Le reazioni della critica alle serate di San Francesco al Prato furono entusiastiche, e gloria venne dispensata a piene mani dai recensori più in vista del momento, come Pino Candini su Musica Jazz e Vittorio Franchini sul Corriere della Sera. In particolare quest’ultimo ricordava con nostalgia le chiacchierate notturne con Gil nel cortile dell’hotel Rosetta dopo i concerti. Evans parlava spesso del suo progetto di arrangiare la Tosca per la tromba di Miles ma confessava il timore che colui che riteneva «il più grande cantante del mondo» non fosse più in grado di librarsi con la limpidezza necessaria. Sarebbe rimasto solo un sogno perché, al termine di un anno di grandi successi ma affaticanti attività concertistiche, Evans ebbe un rapido peggioramento di salute durante una frenetica tournée organizzata da Laurent Cugny nell’inverno seguente, e dopo pochi mesi concluse purtroppo la sua esistenza terrena.

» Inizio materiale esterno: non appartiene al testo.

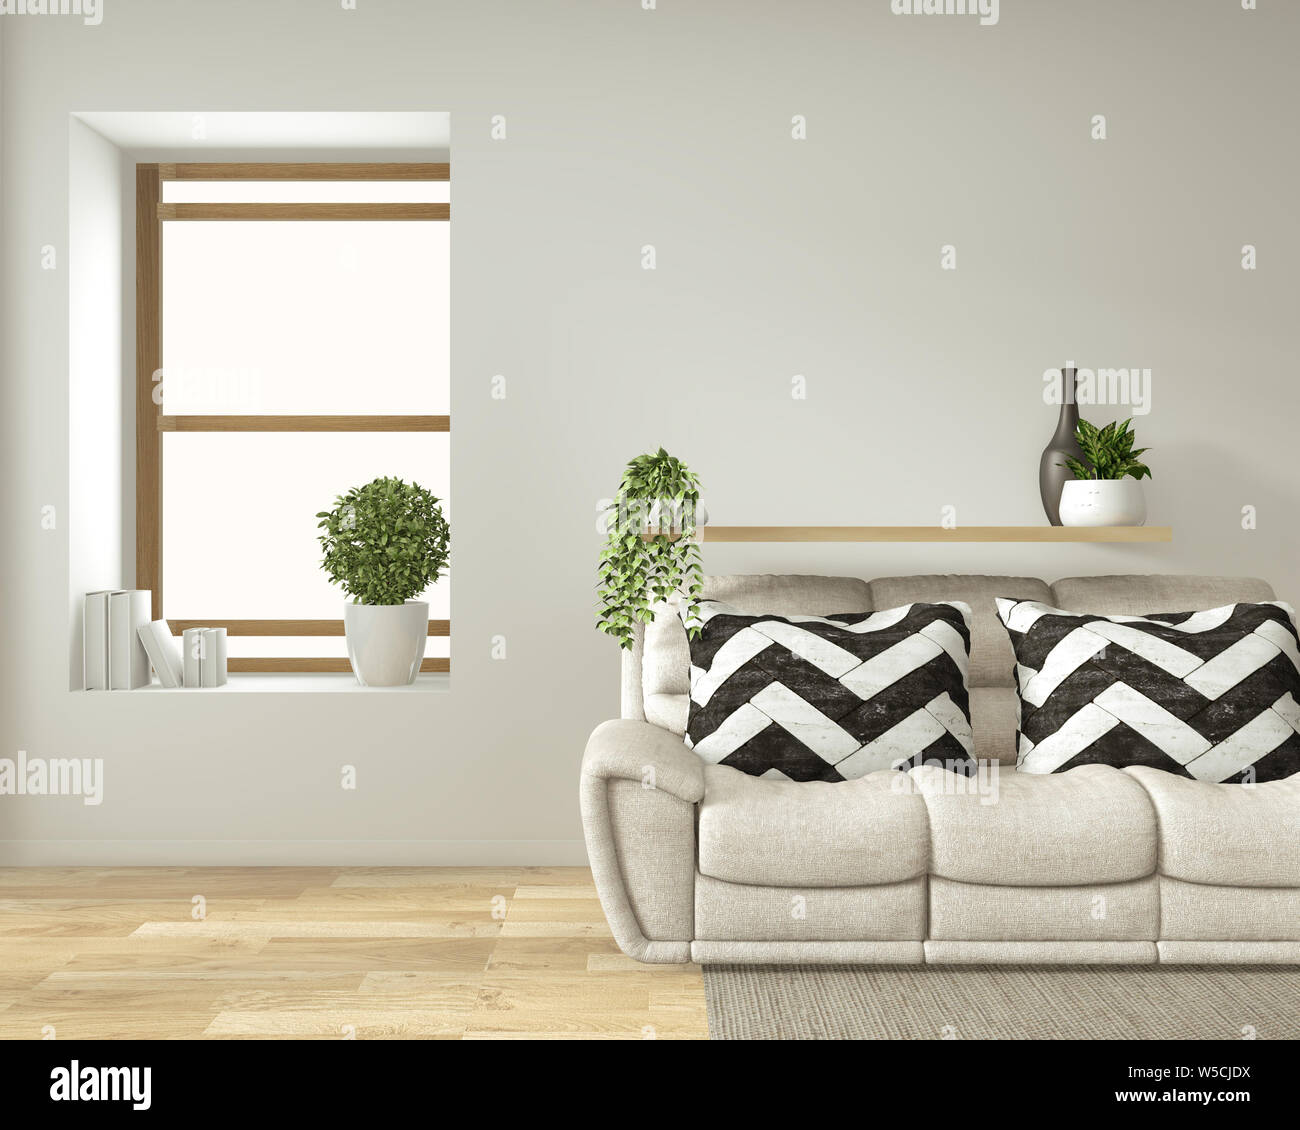 Modern zen living room interior with sofa and green plants japanese minimal design. 3d rendering. Stock Photo

Nell’inverno del 1987 i votanti al nostro Top Jazz elessero la Gil Evans Orchestra al primo posto nella categoria «miglior gruppo straniero» con 113 punti, infliggendo un distacco abissale al quartetto di Ornette Coleman, secondo con 38 punti: Miles fu quinto con 18 punti. Mai si era vista una vittoria più plebiscitaria a suggellare il più sfolgorante addio alle scene vissuto nella storia del jazz.